Tuesday, July 26, 2016

Why judges are dismissing pro se litigants (aka people representing themselves)

The number of people representing themselves in Texas is skyrocketing.

Many cases are dismissed for many reasons.

Some of the reasons are:

1. No one shows up on trial date.  The judge announces the names from the bench.  If no one stands up, the case is dismissed.

2. People show up -- but don't have any paperwork filled out.  Judges in most counties don't give out paperwork.  The burden is on you to have your paperwork ready and properly filled out.

Remember - Judges cannot practice law once they become a judge.  Many will offer you "suggestions" and you need to listen carefully because they are truly trying to help you.  If you don't understand, ask the judge to repeat it and write it down.  Then call a lawyer and try to have the lawyer interpret what the judge said.
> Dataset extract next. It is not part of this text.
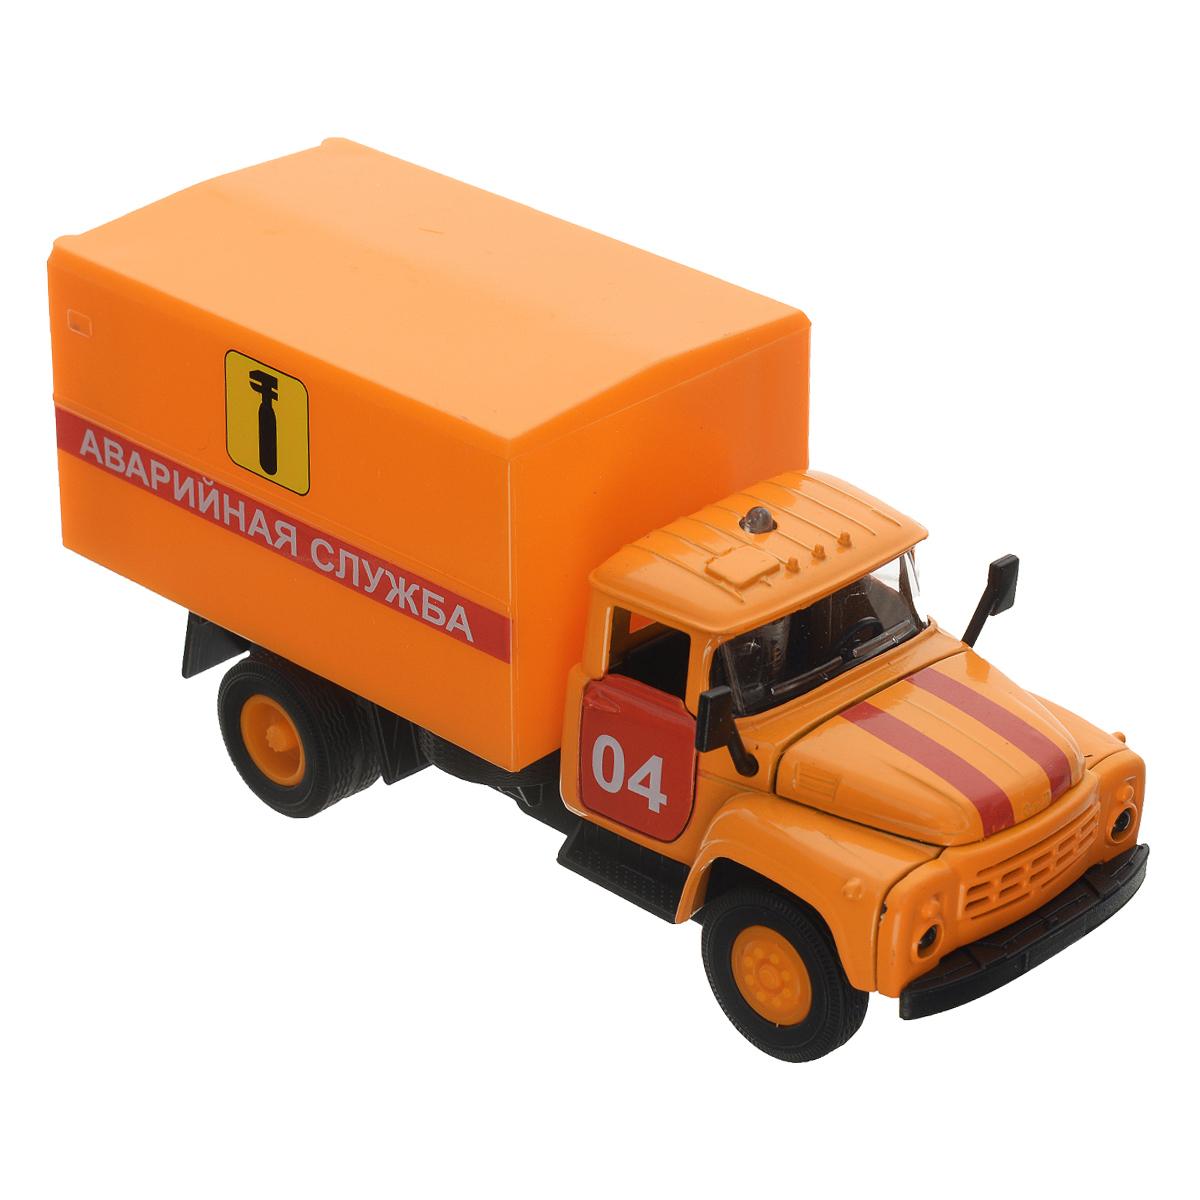 ТехноПарк Машинка инерционная ЗИЛ 130 Аварийная служба игрушка технопарк зил 130 бензовоз x600 h09131 r

3.  The couple reconciles and no longer wants the case to go forward. Judges love to dismiss for this reason.

4. The people begin to argue with the judge or are rude to the Judge or the judge's staff.  This is never a good idea and I advise against being "rude" or "disrespectful" to a judge or any staff person.

5. The issue is truly too complex for the person to represent themselves in court.  The judge will often recommend that you hire an attorney.  This usually is a "hint" that the case is too complicated or the paperwork does not fit what you are trying to accomplish.

6. When the judge asks the parties to present their case at trial they just look at the judge or burst into tears.  It's your responsibility to know what to do.  The judge might try to help you but I recommend that you spend several days in the courtroom to figure out what attorneys do when there is a hearing or trial.

7. The person in front of the judge asks the judge to do something illegal or something that the judge cannot do.  Judges in Texas follow Texas law.  Texas law does not address EVERYTHING that could ever happen.

For example, there is no law regarding having a bedroom for each child or having a bed for each child.  The Texas Legislature writes the law and the judge merely interprets what the law says.

Or, a man own a paid for asset before marriage. The judge cannot give the property to the other spouse.

8. The person that filed the lawsuit shows up for trial but the other party was not properly served with notice of the lawsuit.  Or, the person has been served but the paperwork was not properly filled out or the time has not been long enough.  There are many "technical" time-lines that must be met or the judge cannot go forward.

I'm sure there are many more reasons but if you represent yourself in court be aware that the judge might try to help you but is limited by what he/she is allowed to do by Texas law.

I'm an attorney and I always hire another attorney to represent me in the courtroom.  Why? Because I'm personally involved and I might be too emotionally involved to do a thorough and professional job in front of the judge.